Warum die Armutsschere wesentlich von finanzieller Bildung abhängt

Heute soll es nach langer Zeit mal wieder um die Bedeutung finanzieller Bildung gehen. Konkret möchte ich erörtern, wieso die Armutsschere wesentlich von finanzieller Bildung bzw. ihrer Abwesenheit abhängt.

Das Thema „Armutsschere“ wurde in der Vergangenheit schon breit in Politik und Medien diskutiert, jedoch bleibt der, meiner Meinung nach, entscheidende Punkt dabei außen vor.

Aber was ist die Armutsschere überhaupt?

Als Armutsschere bezeichnet man die gesamtgesellschaftliche Entwicklung, dass die Armen immer ärmer und die Reichen immer reicher werden und somit die Kluft zwischen beiden Bevölkerungsgruppen immer breiter wird.

Die Mittelschicht verschwindet hierbei nach und nach.

Diese Entwicklung ist nicht nur auf Deutschland begrenzt, sondern lässt sich weltweit und im Besonderen in den USA beobachten. In meiner nachfolgenden Betrachtung von Armut und Reichtum lege ich allerdings Deutschland zu Grunde.

Die Politik ergreift wahllos Maßnahmen wie zum Beispiel den gesetzlichen Mindestlohn, um die Armen zu unterstützen und bekämpft hiermit eher die Symptome als die Ursachen.

Was sind die Ursachen?

Für diese Entwicklung gibt es mehrere Gründe und wer den Zinseszinseffekt kennt, weiß, dass das in gewissen Grenzen eine ganz natürliche Entwicklung ist die nichtmal zwingend schlimm ist (Wieso die Armutsschere nicht das Problem ist, schreibe ich in meinem nächsten Beitrag).

Jemand, der von seinen Eltern ein paar Millionen erbt, hat naturgemäß mehr Möglichkeiten, die finanzielle Freiheit zu erreichen und sein Geld zu vermehren. 5% von einer Million sind nunmal mehr als 5% von 1000€.

Aber natürlich gibt es auch andere Gründe, die diesen Effekt noch über das natürliche Maß hinaus verstärken.

Hohe Steuern für „Die Armen“

Zum Einen ist es so, dass „die Reichen“ mehr Möglichkeiten zum Steuern sparen haben als „die Armen“ bzw. die normalen Angestellten.

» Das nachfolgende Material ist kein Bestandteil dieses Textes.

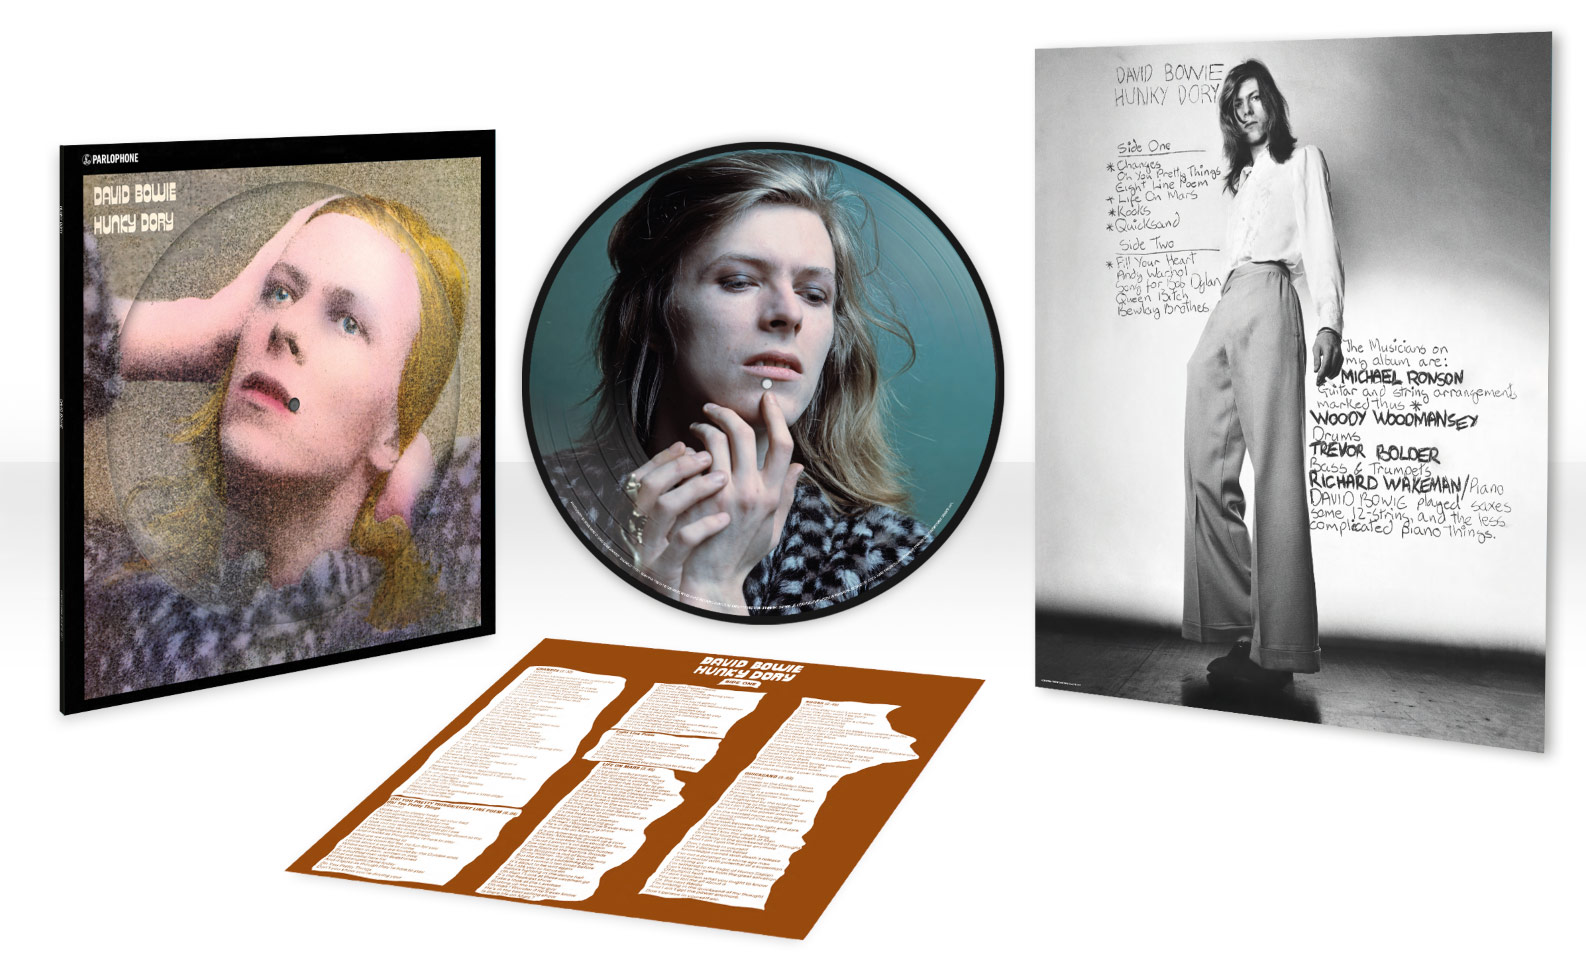 David Bowie / Hunky Dory 50th anniversary vinyl picture disc

Während Angestellte etwa 30% ihres Einkommens in Form der Einkommenssteuer an den Staat abdrücken und weitere 10-20% an Solidaritätszuschlägen, haben die Reichen es einfacher.

Steuersparmodelle für „Die Reichen“

Wer viel Geld hat, kann von seinen Kapitalerträgen leben. Und auf diese zahlt man nur 25%. Allerdings darf man nicht vergessen, dass auch Ausgaben für z.B. die Krankenversicherung (meistens privat) anfallen.

Darüber hinaus gibt es aber noch andere Sparmodelle für die Reichen. Eines dieser Modelle ist eine Spardosen-GmbH. Das ist eine GmbH, die im wesentlichen die Unternehmensbeteiligungen verwaltet. Die Einzelperson ist dabei meistens ein Gesellschafter. Gewinne, die ein Unternehmen aus Investitionen macht unterliegen einem deutlich niedrigeren Steuersatz, nämlich nur bis zu 17%. Allerdings gilt dies nur für Gewinne aus Unternehmensbeteiligungen von mehr als 10% des jeweiligen Unternehmens  und auf Ausschüttungen der GmbH müssen auch entweder Abgeltungssteuer (25%) oder Einkommenssteuer (dann aber nur auf 60%) gezahlt werden (Quelle).

Abgesehen davon, dass neben Notarkosten für die Gründung einer GmbH auch ein gewisses Stammkapital (25.000€) notwendig ist, loht sich dieses Modell eigentlich nur, wenn man mehrere Millionen anlegt. Für normale Menschen also unvorstellbar.

Ein weiteres Modell basiert ebenfalls auf einer GmbH, nutzt aber den Effekt, dass Unternehmen auf ihre Gewinne nur die Körperschaftssteuer, die Gewerbesteuer und die Solidaritätszuschläge abgeben müssen. Das sind etwa 30%. Also deutlich weniger als die ~46% für Arbeitnehmer. Allerdings hat die Einzelperson dabei noch kein Geld in der Tasche. Auszahlungen in Form von Gehalt unterliegen dann wieder der jeweiligen Einkommenssteuer. Allerdings kann man in seiner eigenen GmbH das Gehalt ja genau so wählen, dass es zum Überleben reicht und die restlichen Gewinne in der GmbH thesaurieren. Somit wird nur ein vergleichsweise kleiner Teil mit einem hohen Steuersatz versteuert.

Darüber hinaus gibt es noch weitaus komplexere Steuersparmodelle für die Reichen.

Steuersparmodelle für „Die Armen“

Für die Armen bleiben die tollen Steuersparmodelle à la Riester, Bausparvertrag und Co. Ironie ist möglicherweise im letzten Satz vorhanden.

Die Mittelschicht kann sich entscheiden

Wer zur Mittelschicht gehört, hat im Prinzip die freie Wahl. Hier reichen die Gehälter durchaus aus, um einen bedeutenden Teil sparen und sich trotz hoher Steuerlast etwas aufbauen zu können.

Zumindest kann man etwas Eigenkapital zur Seite legen, um den Sprung zum Unternehmer etwas entspannter wagen zu können.

Außerdem ist es potentiell möglich, mittels Investitionen ein Einkommen zu erreichen, das nur der Abgeltungssteuer unterliegt.

Die Mittelschicht hat also die Wahl zwischen Leben am Limit und Disziplin und finanzieller Sicherheit. Mit anderen Worten können wir in der Mittelschicht relativ einfach selbst entscheiden, auf welcher Seite der Schere wir enden möchten.

Welchen Einfluss hat finanzielle Bildung?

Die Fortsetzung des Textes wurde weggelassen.